In State v. Madison, 114 Ariz. 221, 560 P.2d 405 (1977), our supreme court held that the trial court properly declared a mistrial where a similar error was discovered after the jury returned its verdict.
In State v. Cook, 122 Ariz. 539, 596 P.2d 374 (1979), the court held that a mistrial was not necessary where a similar error was discovered prior to submission of the case to the jury. The court upheld the trial court's order permitting the state to withdraw an allegation of prior conviction so that the maximum possible sentence was less than thirty years. The court distinguished the facts in State v. Cook from those in State v. Madison:
Appellant argues that the appropriate remedy upon discovering the defect was to declare a mistrial. He cites State v. Madison, 114 Ariz. 221, 560 P.2d 405 (1977), as authority for this position. In Madison, the defendant could have received a sentence of not less than ten years to life; however, he was tried by an eight-member jury. Upon learning of this defect, the court declared a mistrial. On appeal, we found that the defendant was not prejudiced by the declaration of a mistrial since, had the trial court not declared a mistrial, reversal on appeal was a certainty.
The instant case is clearly distinguishable. The defect in Madison was not discovered until after the jury had returned its verdict. Here, the court knew of the problem before the case was submitted to the jury. Moreover, we only approved the actions of the court in Madison as appropriate under the circumstances. We did not hold that a mistrial was the only appropriate remedy. We think the trial court properly exercised its discretion in permitting the State to withdraw the allegation of a prior conviction.

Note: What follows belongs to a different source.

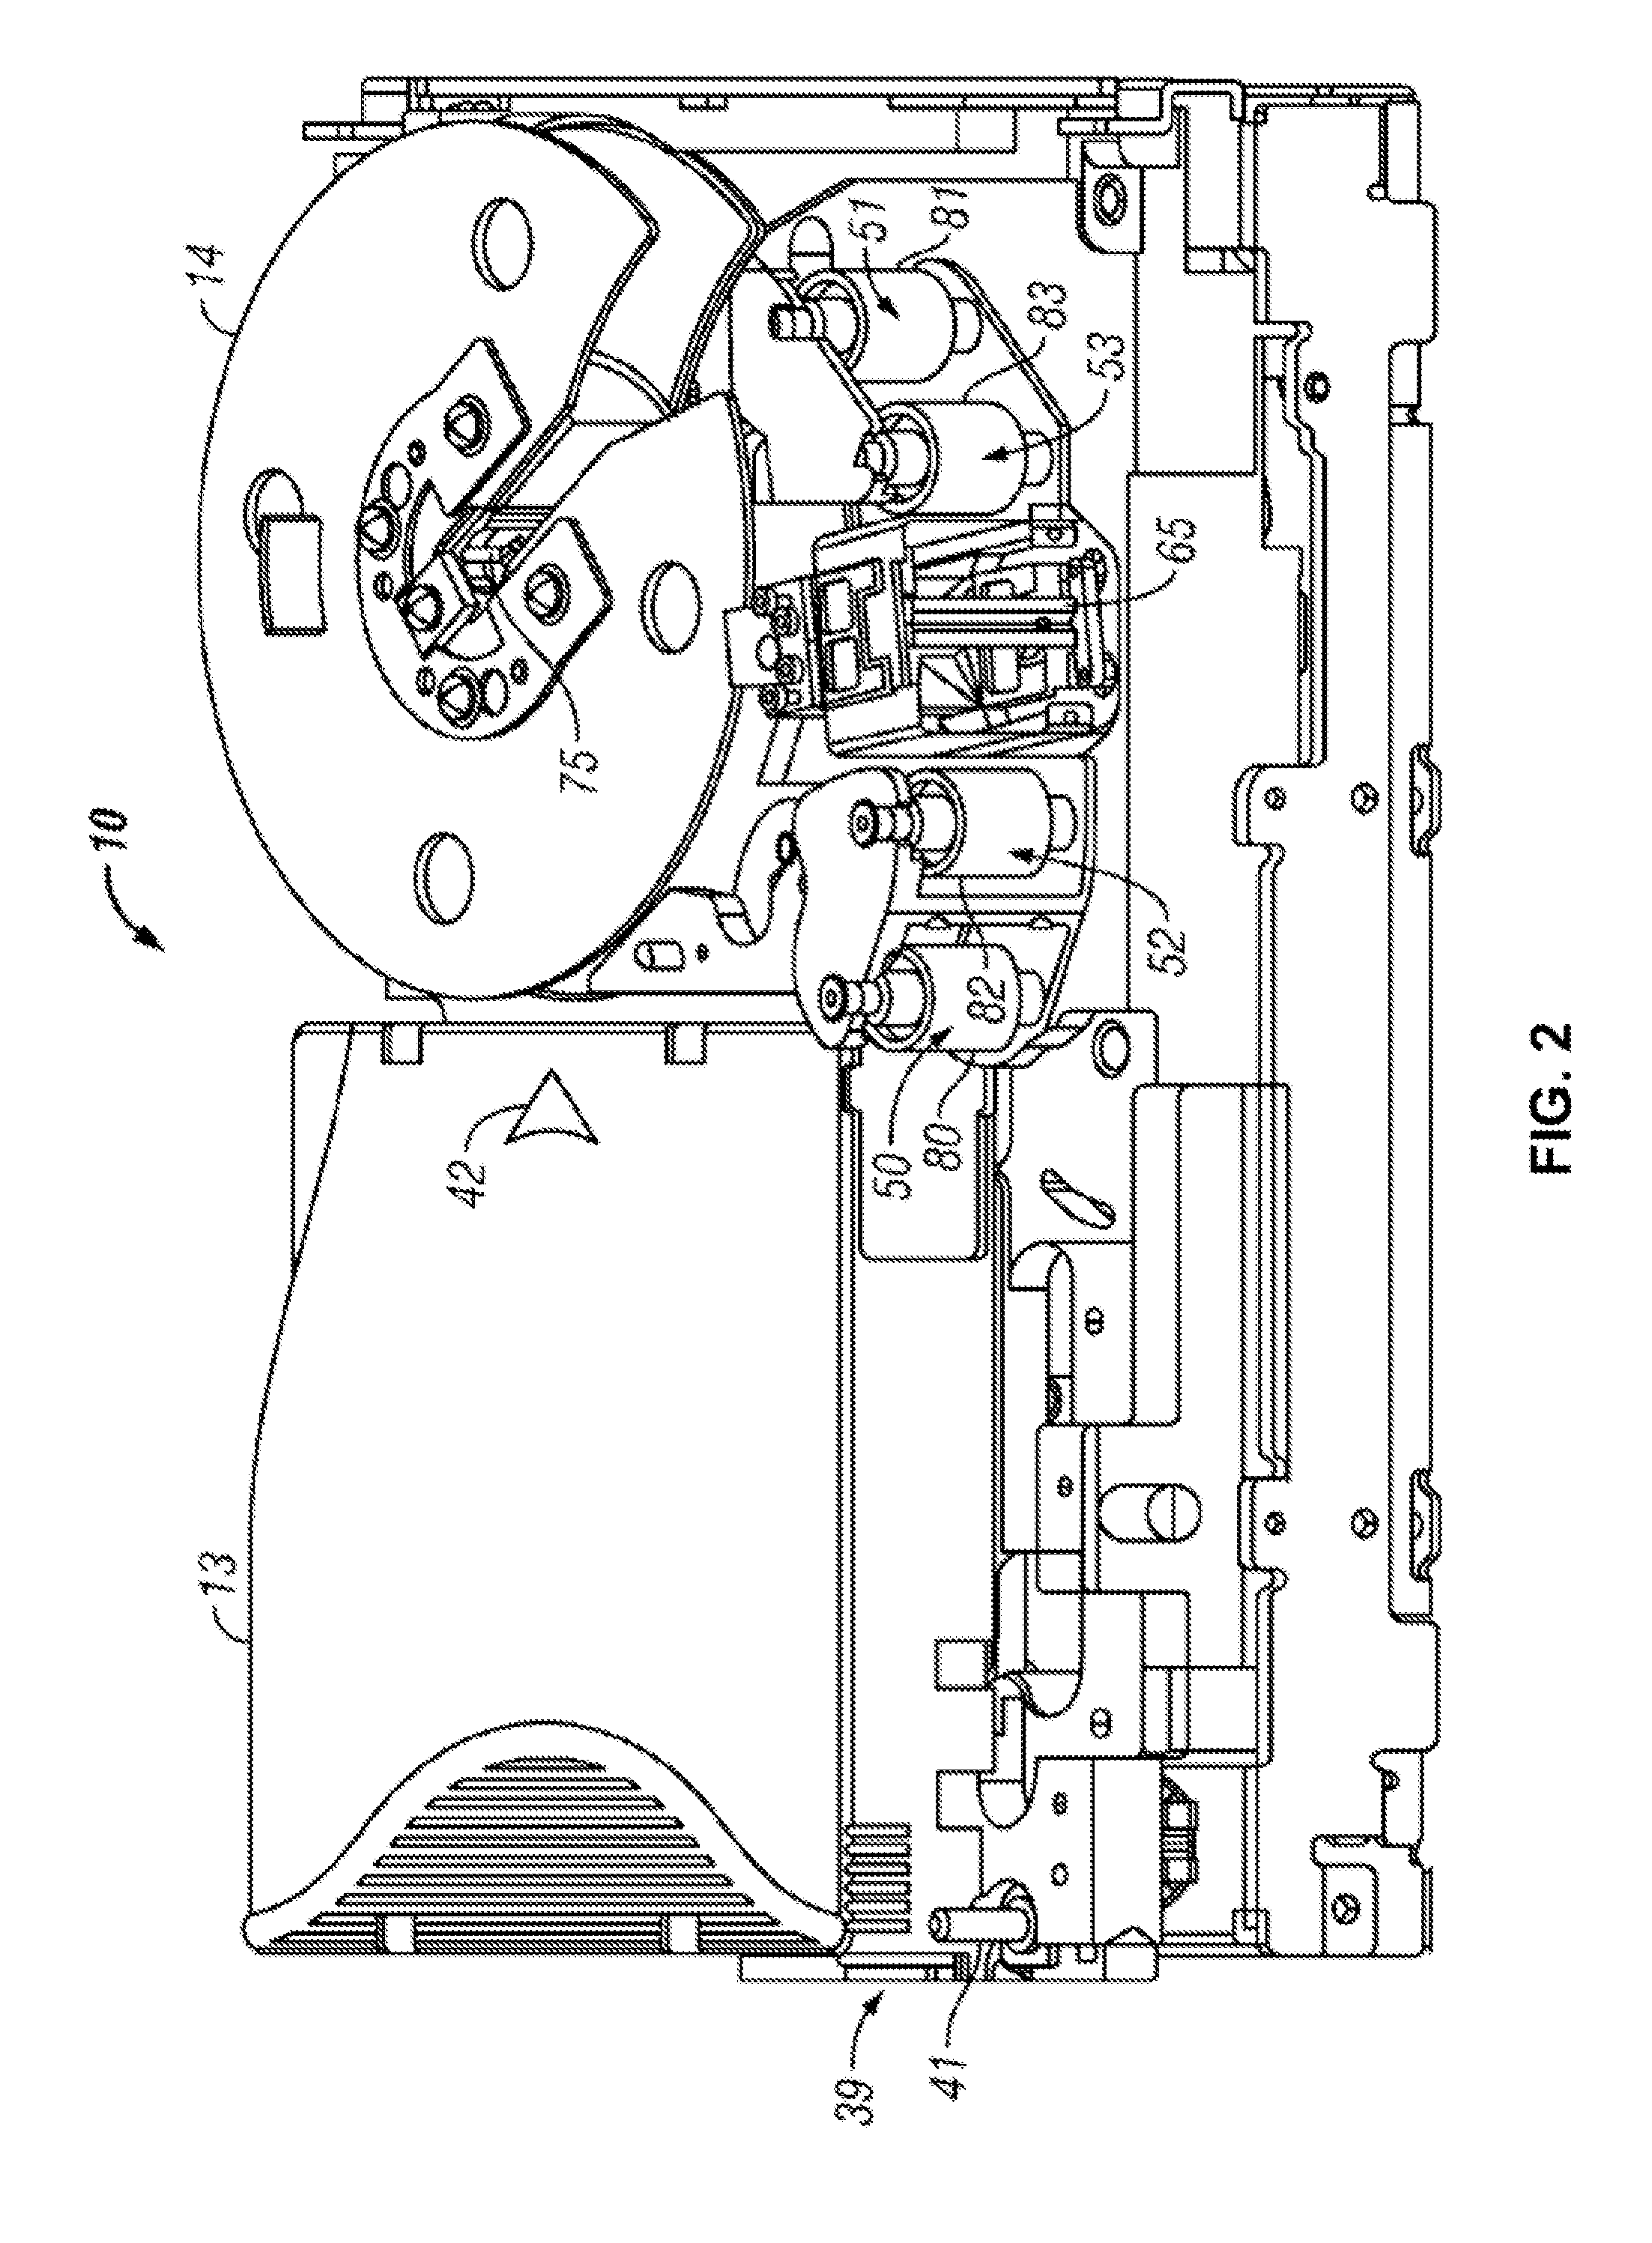 System, method, and computer program product for fast recovery to a write state
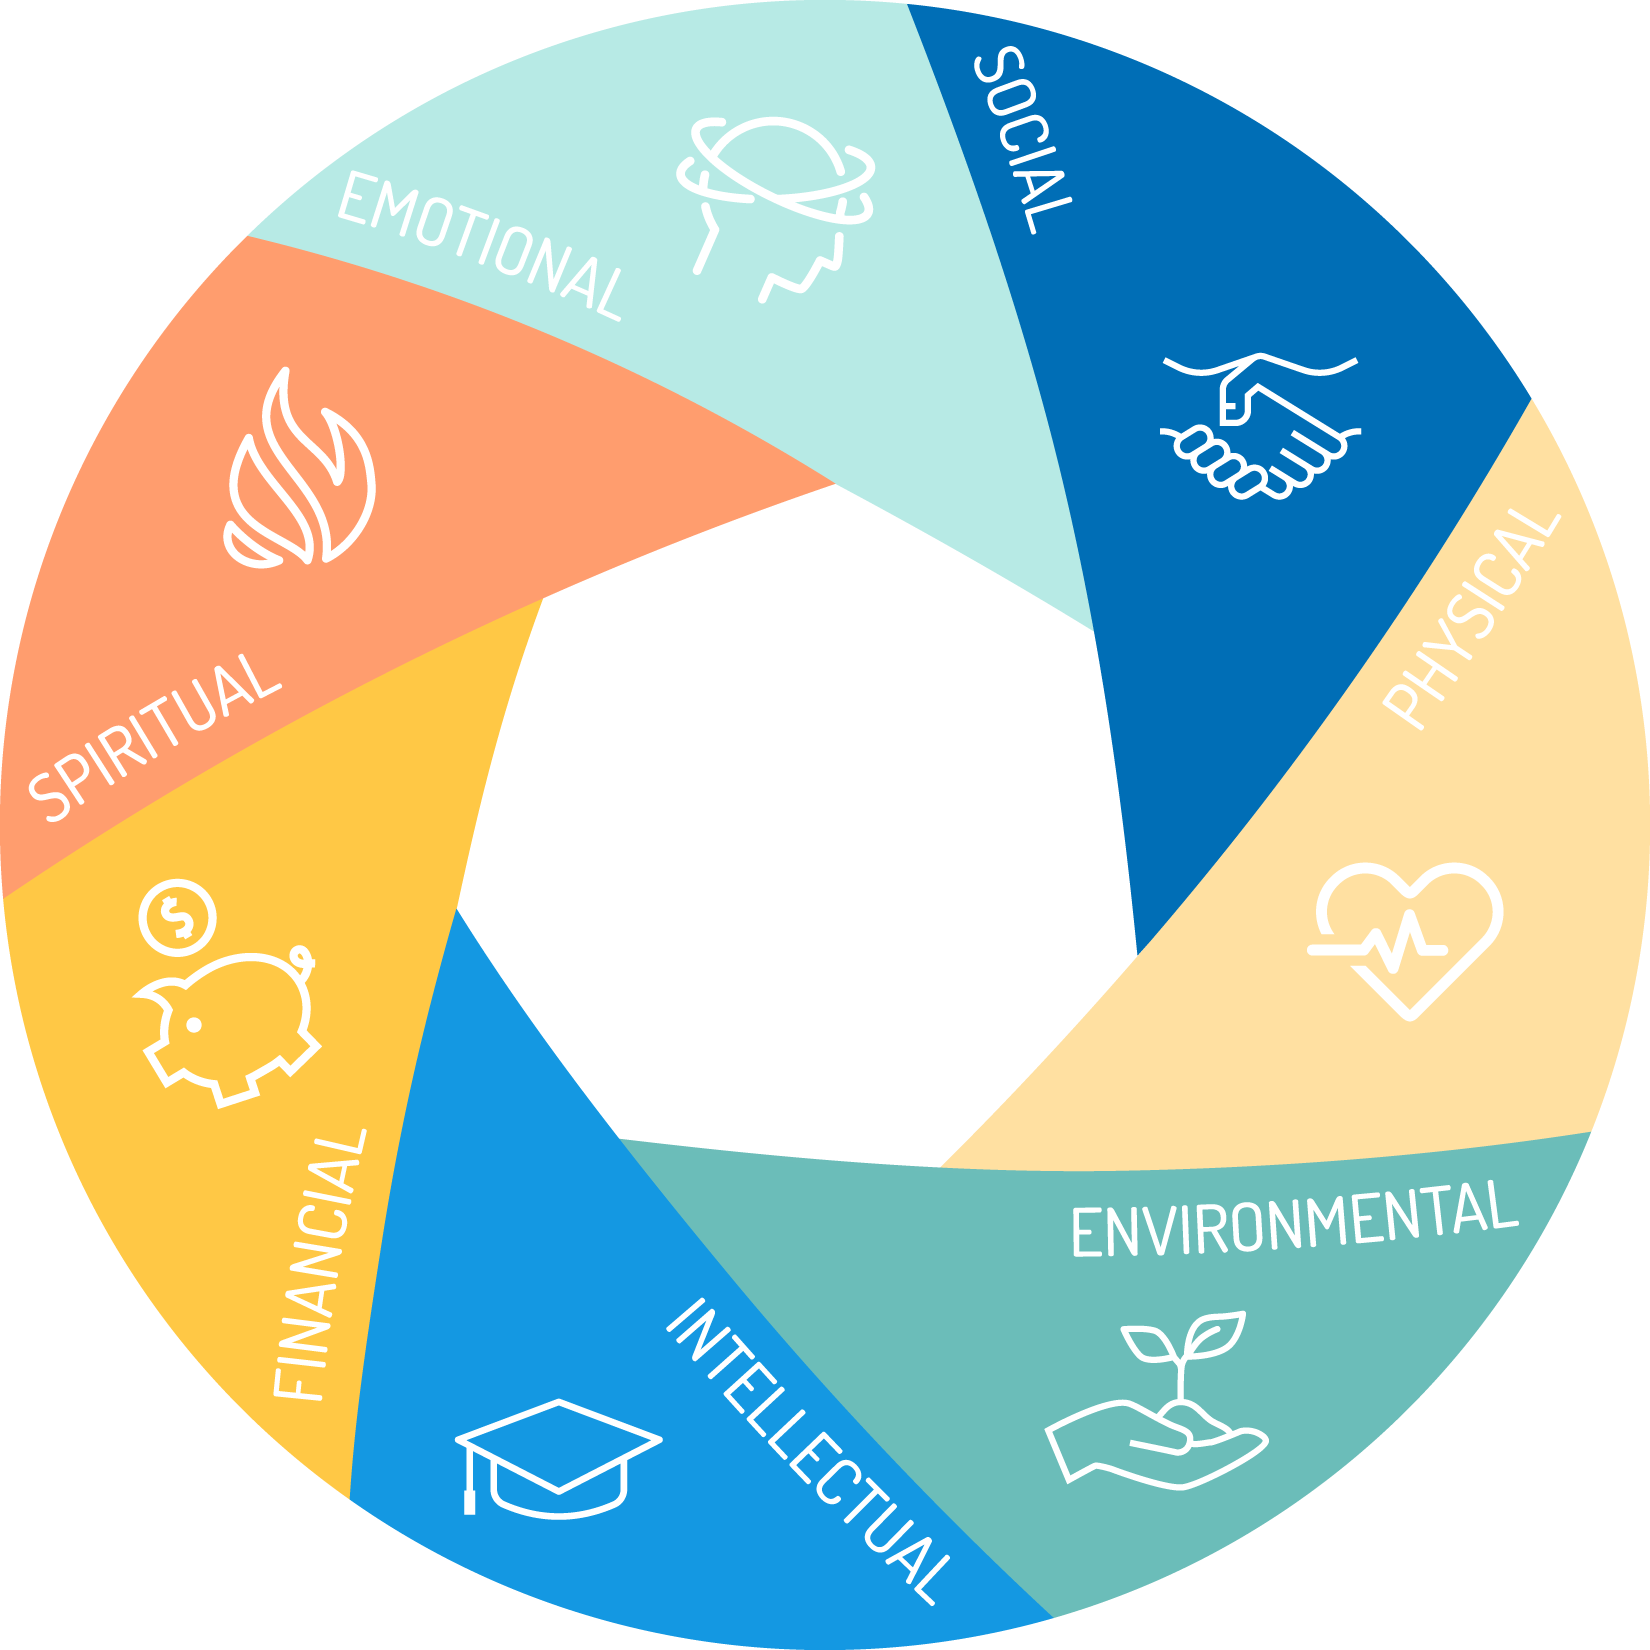 Wellbeing Wheel graphic with icons representing each of the 7 dimensions of wellbeing: physical, spiritual, intellectual, environmental, financial, social, and emotional.

Id. 122 Ariz. at 541, 596 P.2d at 376.
In the instant case, the trial court had the discretion, under State v. Cook, to allow the state to dismiss certain counts of the indictment or allegations or prior felony convictions so as to reduce the maximum authorized sentence to less than thirty years. However, it was necessary that any dismissal become effective prior to deliberation by the jury. Had the dismissals occurred before that point in the trial there would have been substantial compliance with the Arizona Constitution and state statute.
In Williams v. Florida, 399 U.S. 78, 90 S.Ct. 1893, 26 L.Ed.2d 446 (1970), the United States Supreme Court reaffirmed the principle that the jury system is a safeguard against government oppression. *79 "Providing an accused with the right to be tried by a jury of his peers gave him an inestimable safeguard against the corrupt or overzealous prosecutor and against the compliant, biased, or eccentric judge." Id. at 100, 90 S.Ct. at 1905-1906. This purpose is attained by the participation of the community in determination of guilt by the application of the common sense of laymen who, as jurists, consider the case. Id.
Although it is clear that an eight person jury is constitutionally valid, Williams v. Florida (upholding use of a six-person jury in a criminal case), it is also clear that smaller juries inure to the benefit of the prosecution. Ballew v. Georgia, 435 U.S. 223, 98 S.Ct. 1029, 55 L.Ed.2d 234 (1978).[1] By enacting A.R.S. § 21-102(A), our legislature has manifested a clear intent to provide every advantage of a larger jury[2] to those criminal defendants faced with the possibility of a substantial term of imprisonment. Unlike the facts in State v.